▶ _ASSIGNMENT_:
Render every line of the data exactly as written, and leave out the pictures.

*** RECORDED DATA Section Begins ***

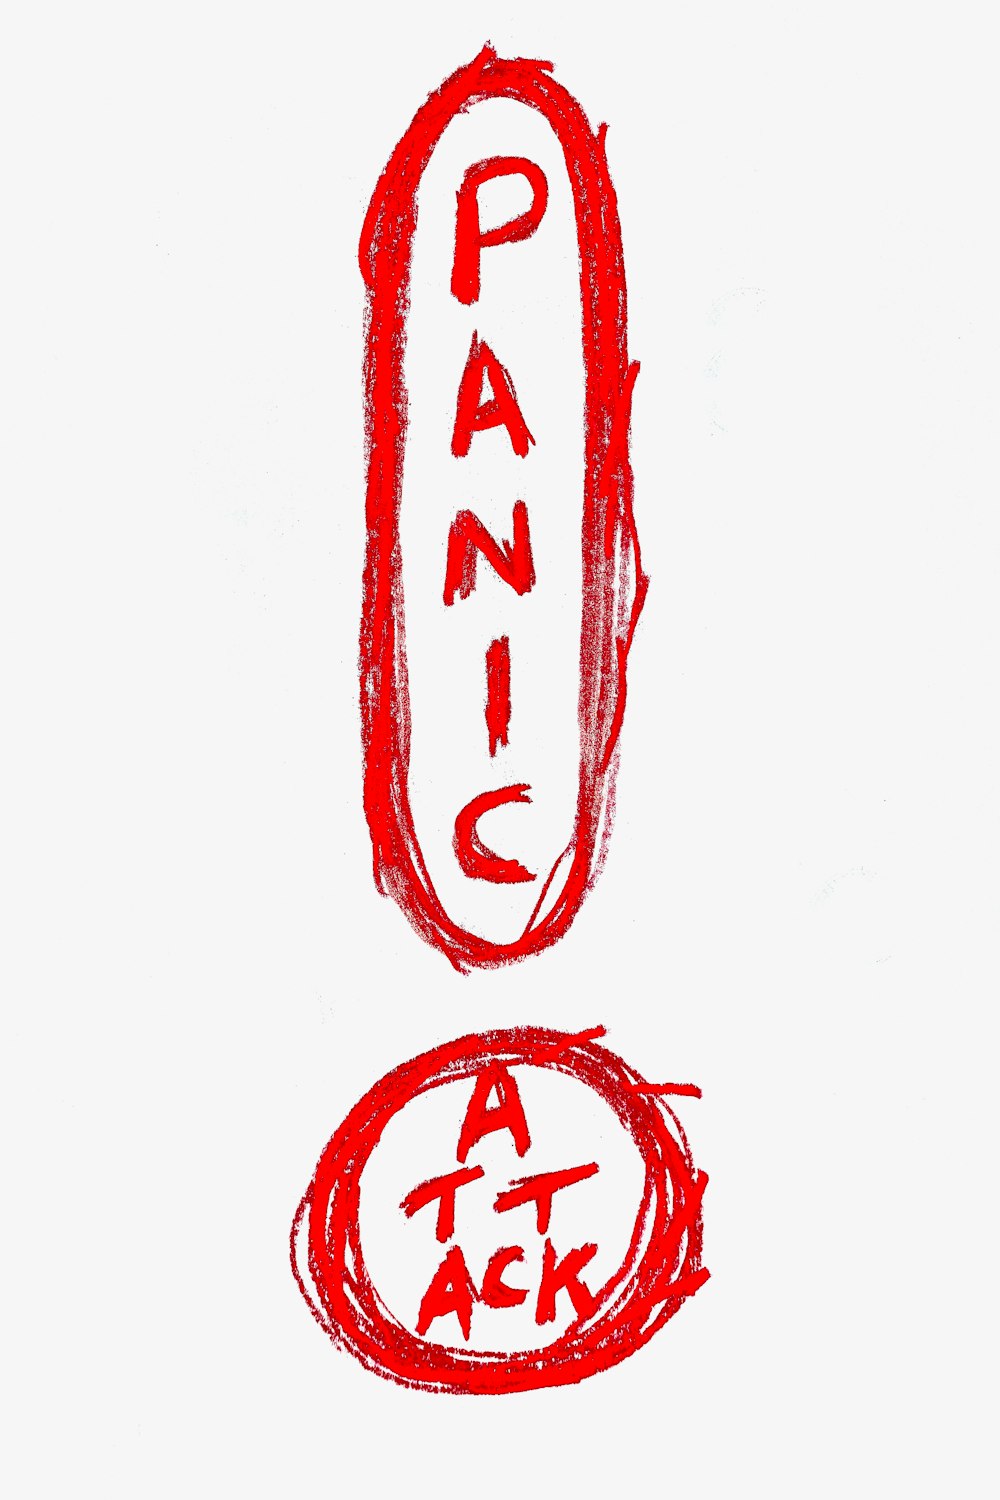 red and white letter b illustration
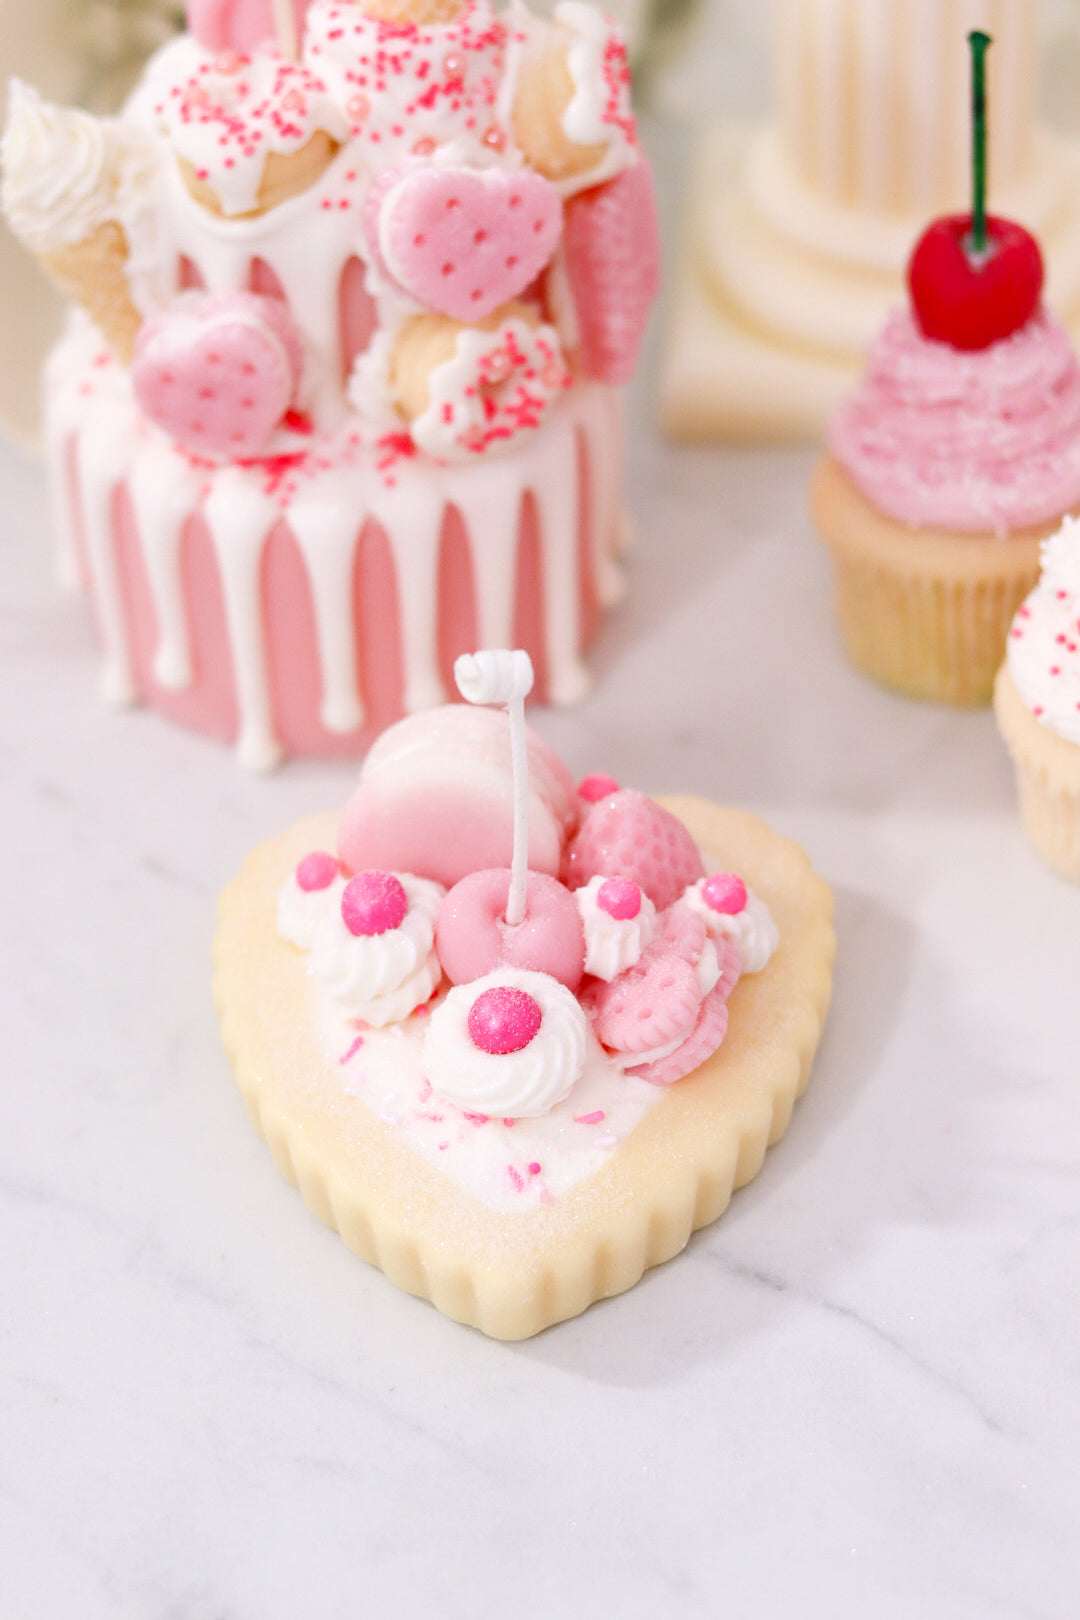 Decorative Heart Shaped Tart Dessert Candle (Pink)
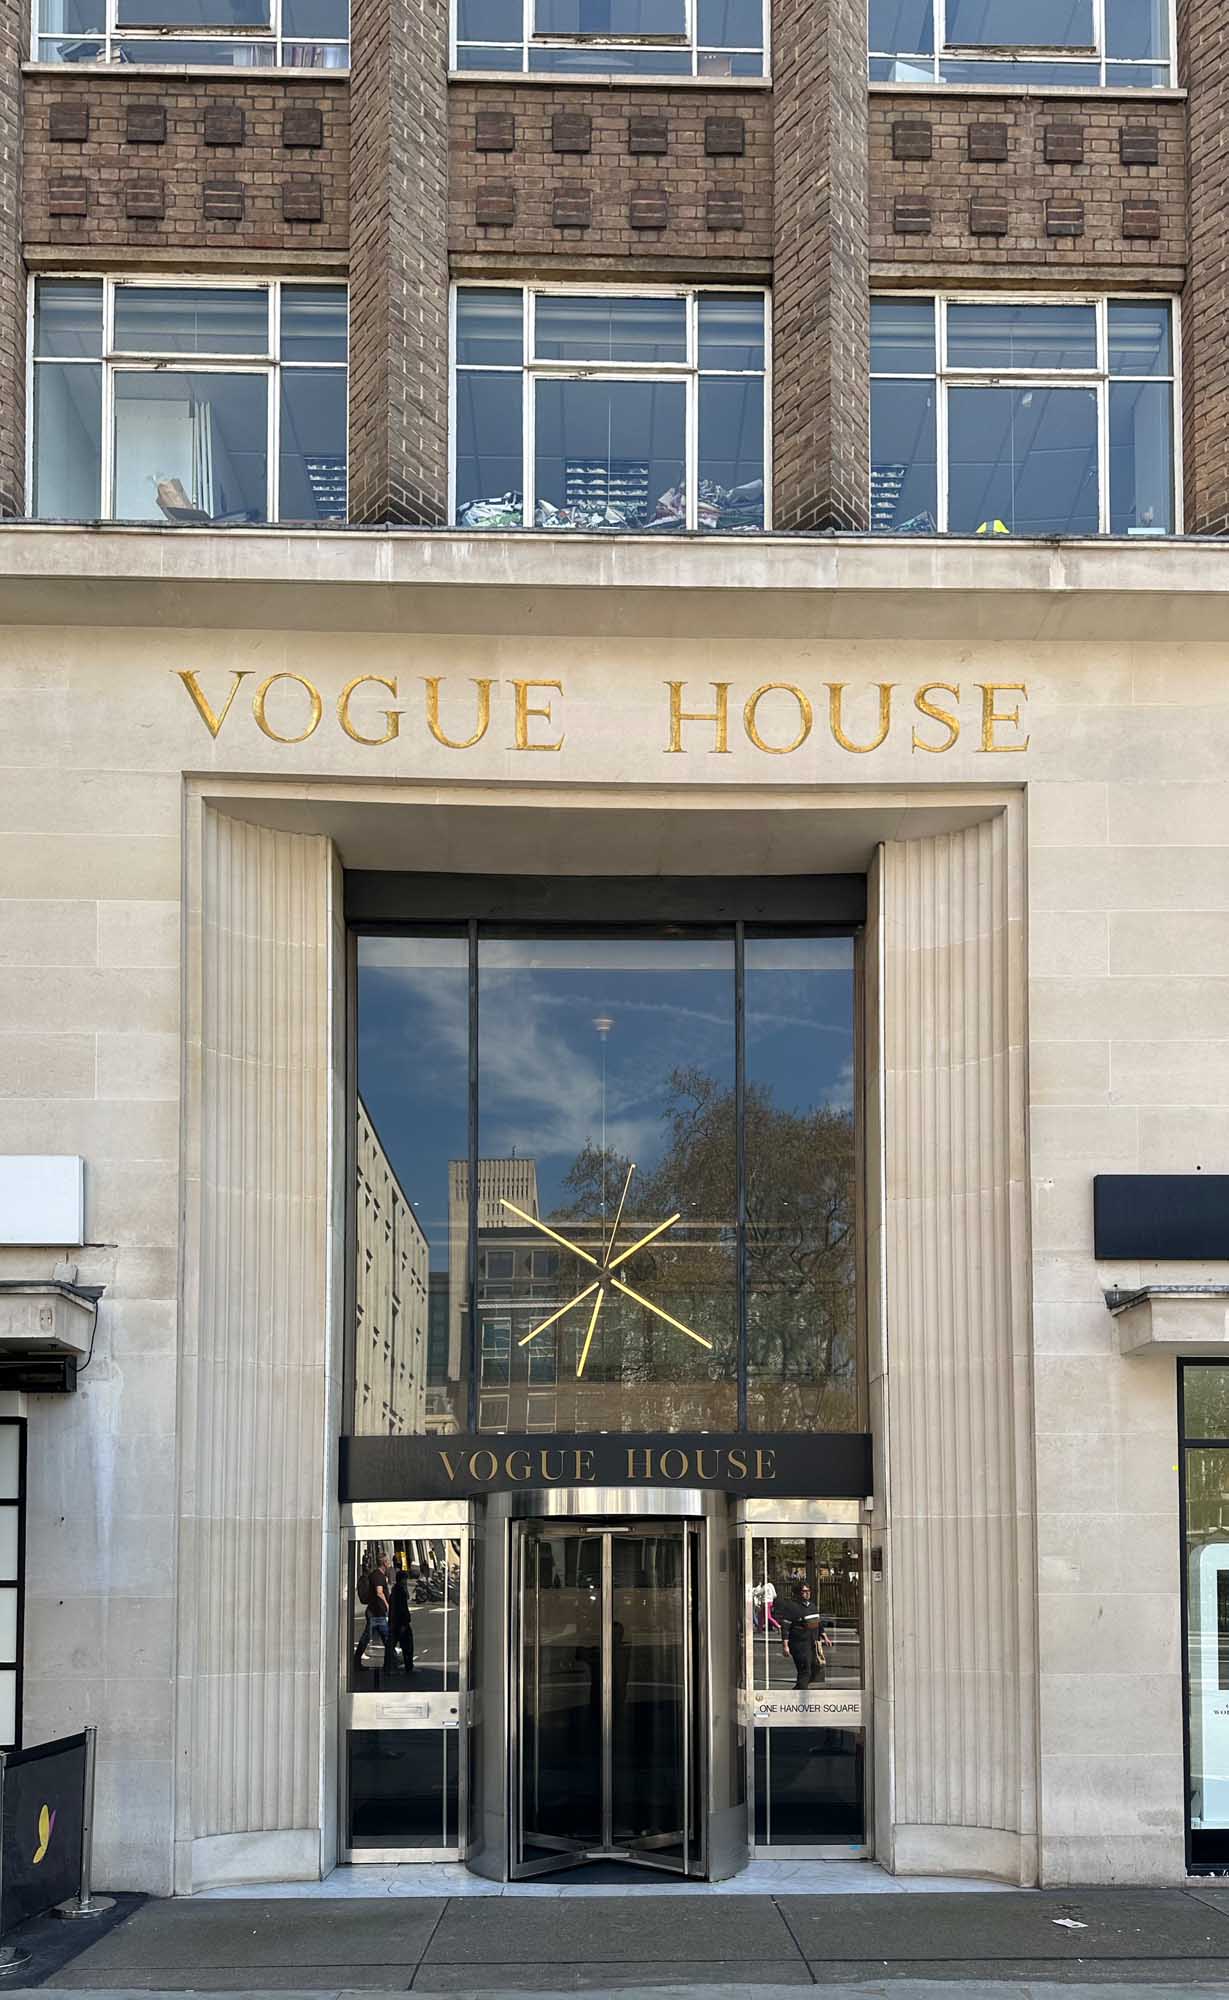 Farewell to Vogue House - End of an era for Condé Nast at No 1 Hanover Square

*** RECORDED DATA Section Ends ***

▶ _TASK OUTPUT_:
 red and white letter b illustration
 Decorative Heart Shaped Tart Dessert Candle (Pink)
 Farewell to Vogue House - End of an era for Condé Nast at No 1 Hanover Square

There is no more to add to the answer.